_EXERCISE PROMPT_
Please return every line of the records that contains the word "Button".

_EXTRACTED INFORMATION_

◆ ◆ ◆

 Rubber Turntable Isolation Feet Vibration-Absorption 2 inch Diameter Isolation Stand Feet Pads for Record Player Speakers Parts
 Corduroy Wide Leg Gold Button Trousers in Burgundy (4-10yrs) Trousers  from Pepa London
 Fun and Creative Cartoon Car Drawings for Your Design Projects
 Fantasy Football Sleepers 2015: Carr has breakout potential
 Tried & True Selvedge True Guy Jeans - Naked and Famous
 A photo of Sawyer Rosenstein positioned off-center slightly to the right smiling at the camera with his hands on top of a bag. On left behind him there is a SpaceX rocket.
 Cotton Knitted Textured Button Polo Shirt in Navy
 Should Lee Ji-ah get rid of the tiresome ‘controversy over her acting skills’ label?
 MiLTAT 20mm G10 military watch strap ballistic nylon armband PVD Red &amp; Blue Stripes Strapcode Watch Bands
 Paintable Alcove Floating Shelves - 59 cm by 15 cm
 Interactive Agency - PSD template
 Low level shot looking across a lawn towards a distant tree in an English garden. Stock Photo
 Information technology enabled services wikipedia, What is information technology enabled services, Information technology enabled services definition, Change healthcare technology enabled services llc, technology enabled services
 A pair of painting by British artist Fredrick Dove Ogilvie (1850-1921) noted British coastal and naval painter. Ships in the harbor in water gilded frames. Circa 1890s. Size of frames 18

◆ ◆ ◆

_RESULT FOR THIS TASK_
 Corduroy Wide Leg Gold Button Trousers in Burgundy (4-10yrs) Trousers  from Pepa London
 Cotton Knitted Textured Button Polo Shirt in Navy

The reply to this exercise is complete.